# [Stored data]
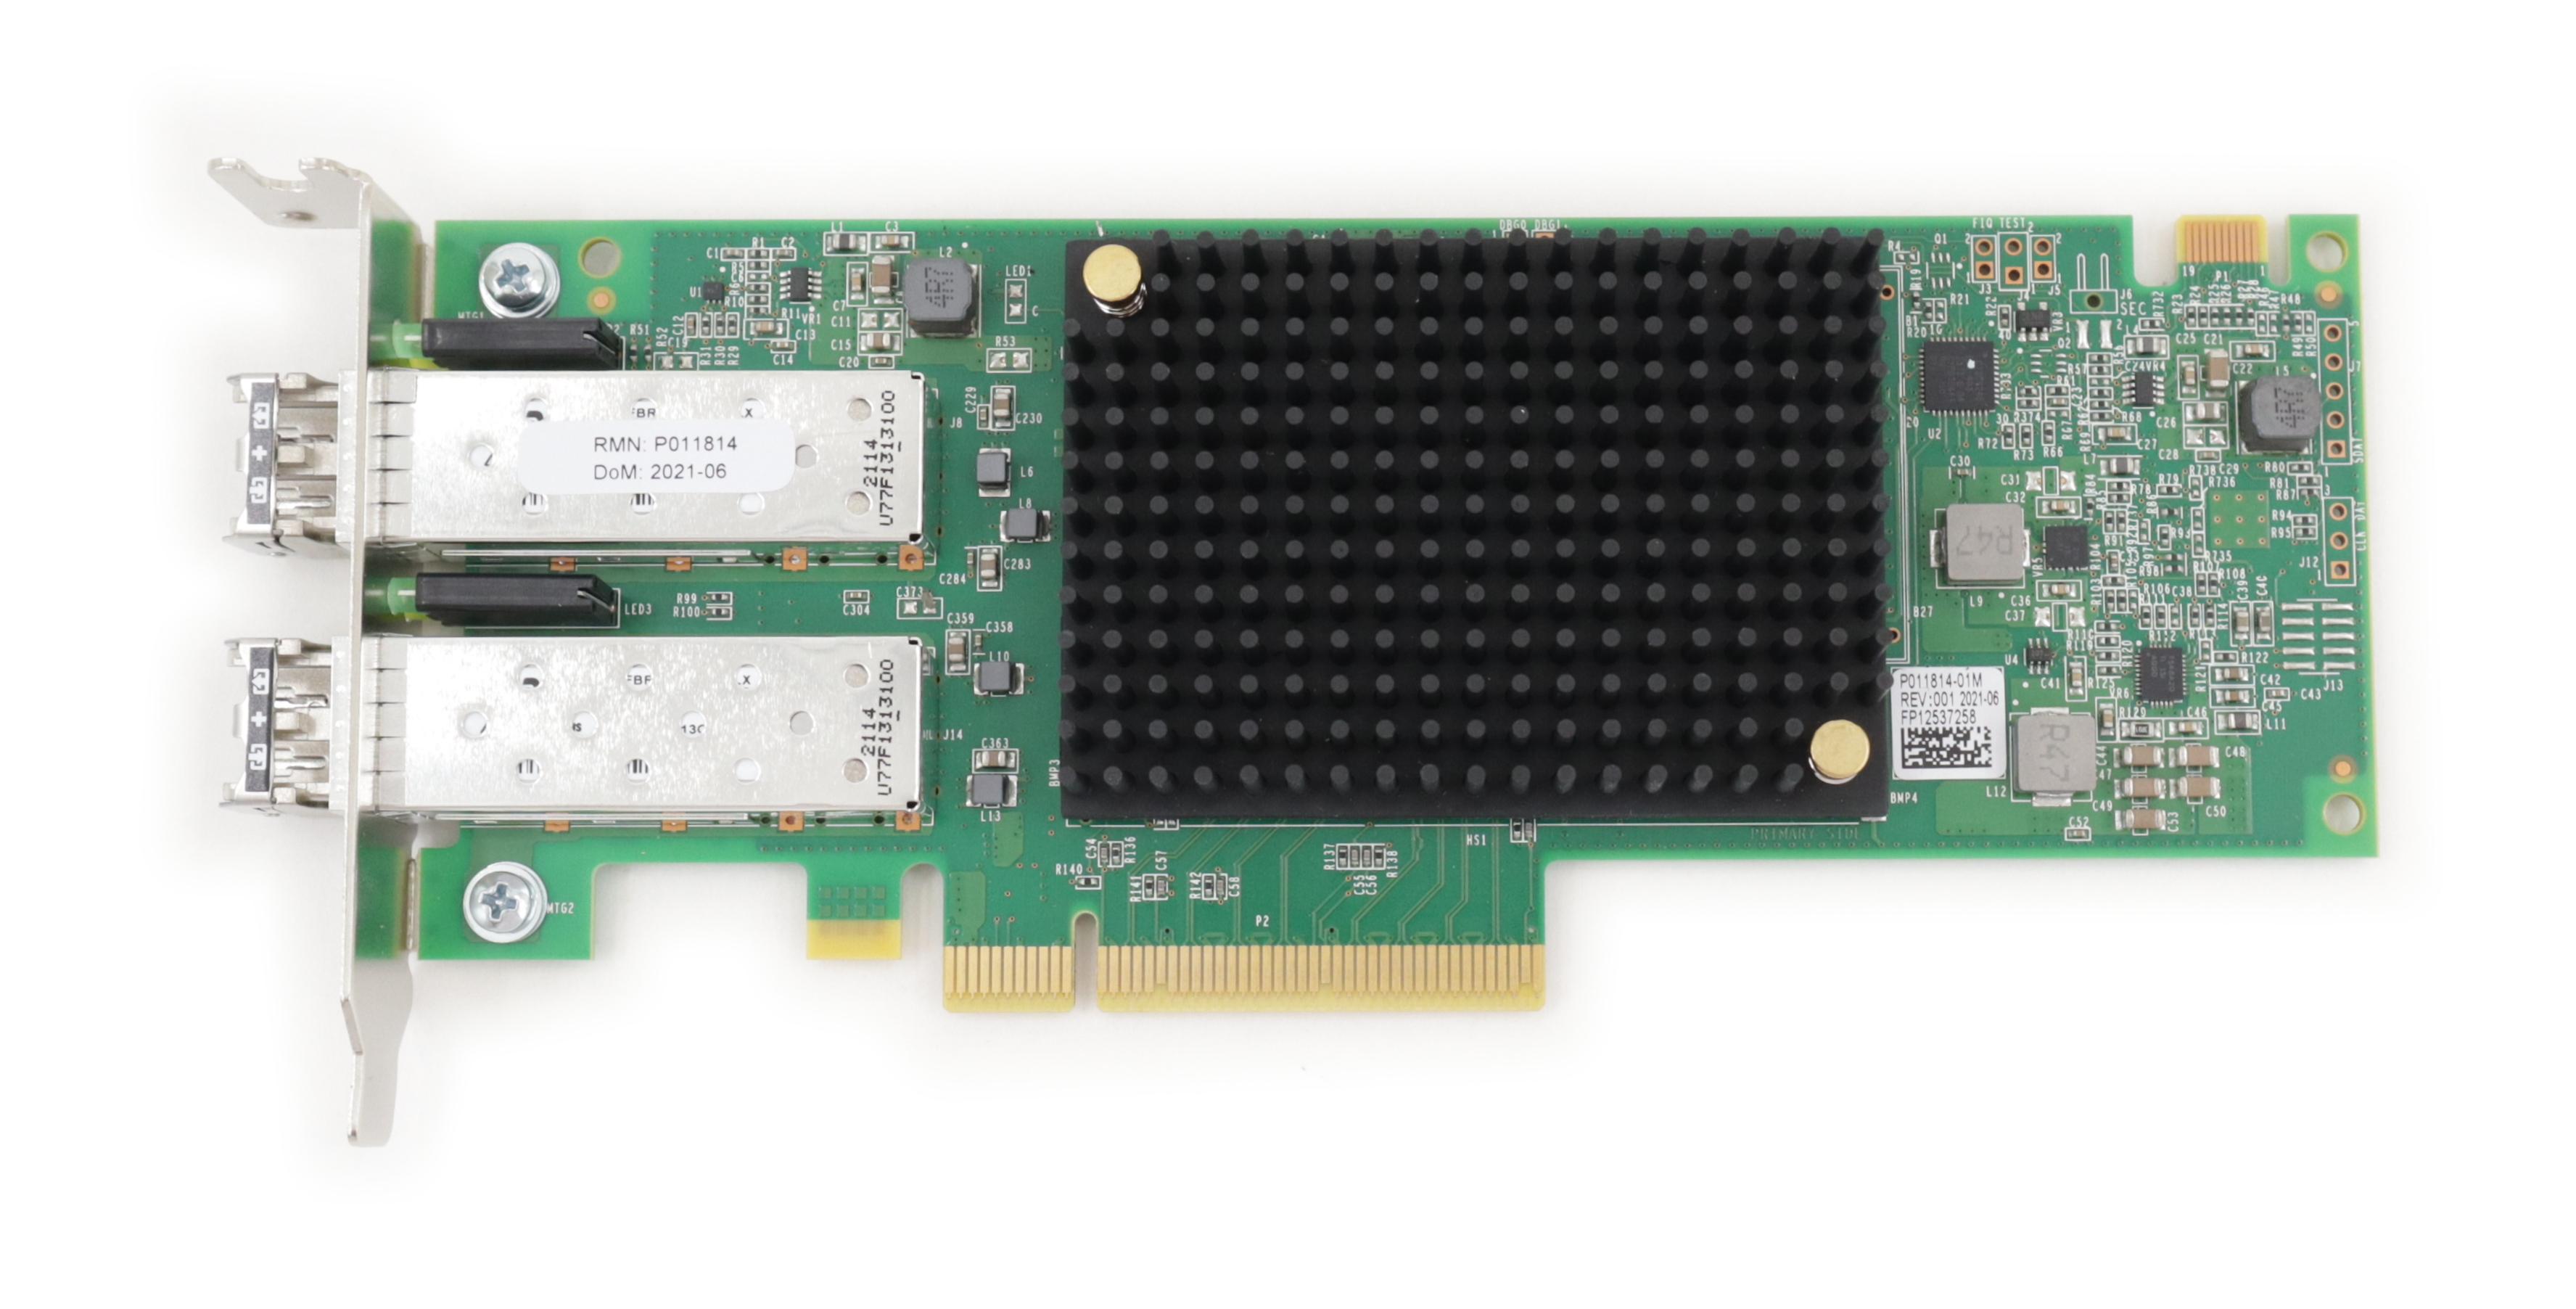 Emulex LPE35002-S4 host bus adapter PCIe 4.0 x8 32GB Fibre Channel 2 Port Gen 7
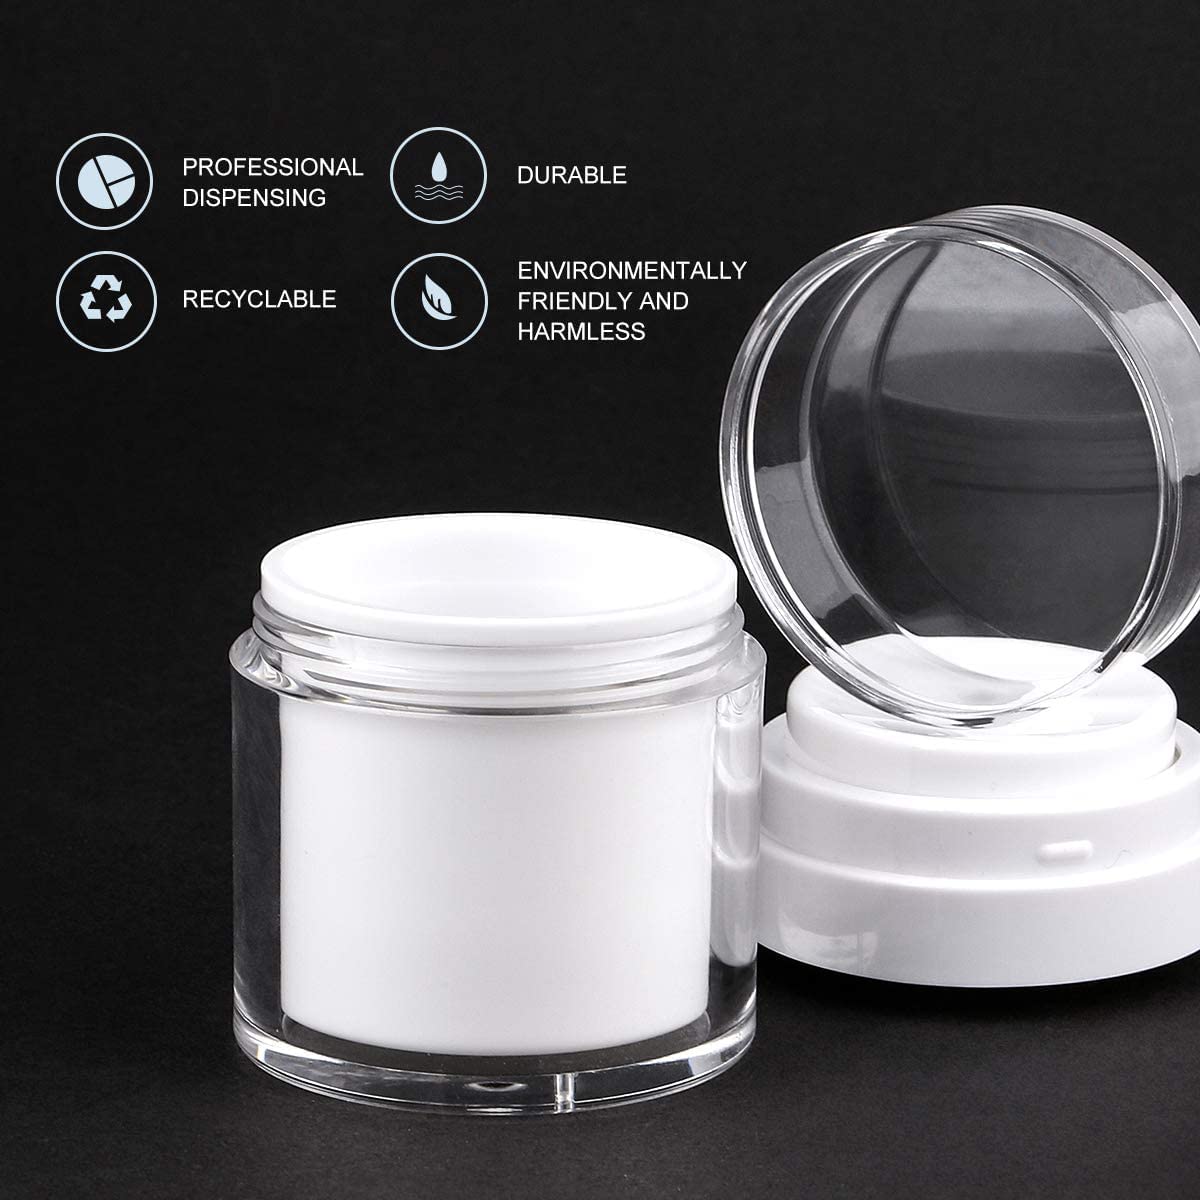  Face Cream Dispenser Containers 
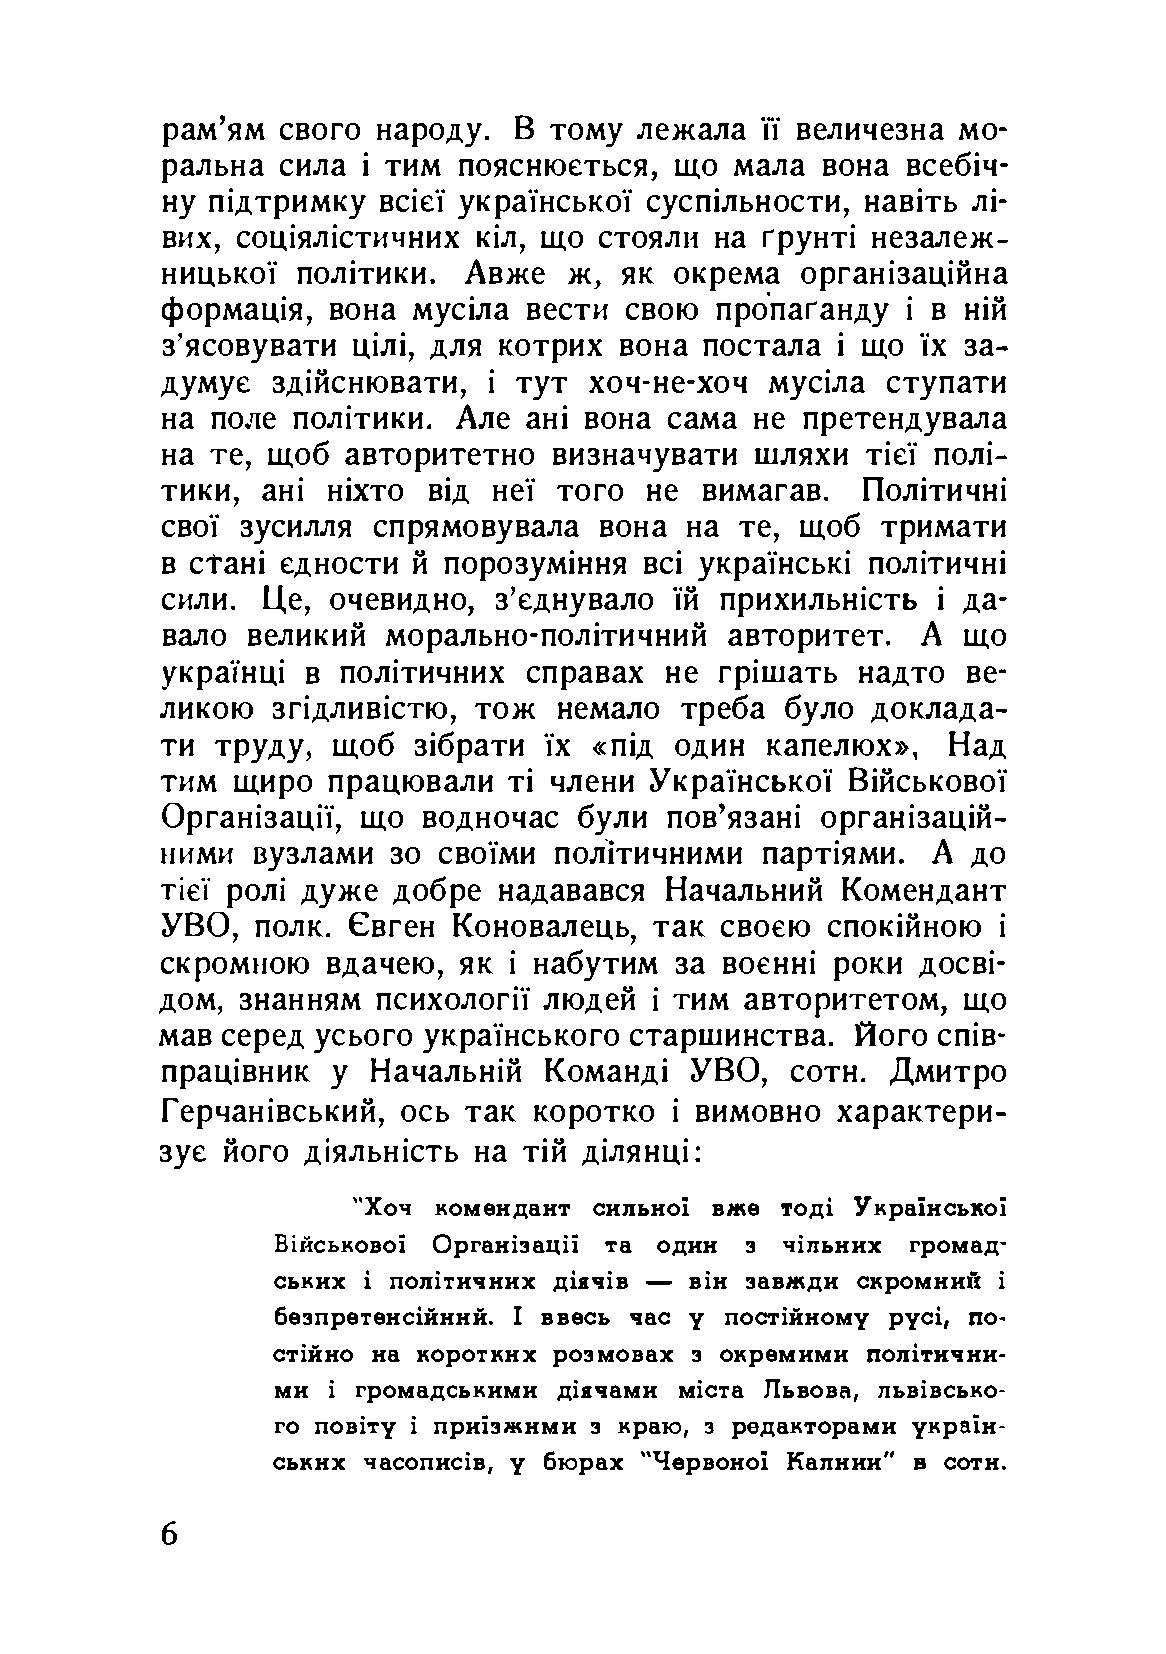 Власним руслом. Українська військова організація від осені 1922 до літа 1924 року. Автор — Книш Зіновій.

# [Work item]
Give the listing again exactly, excluding pictures.

# [Exercise solution]
 Emulex LPE35002-S4 host bus adapter PCIe 4.0 x8 32GB Fibre Channel 2 Port Gen 7
  Face Cream Dispenser Containers 
 Власним руслом. Українська військова організація від осені 1922 до літа 1924 року. Автор — Книш Зіновій.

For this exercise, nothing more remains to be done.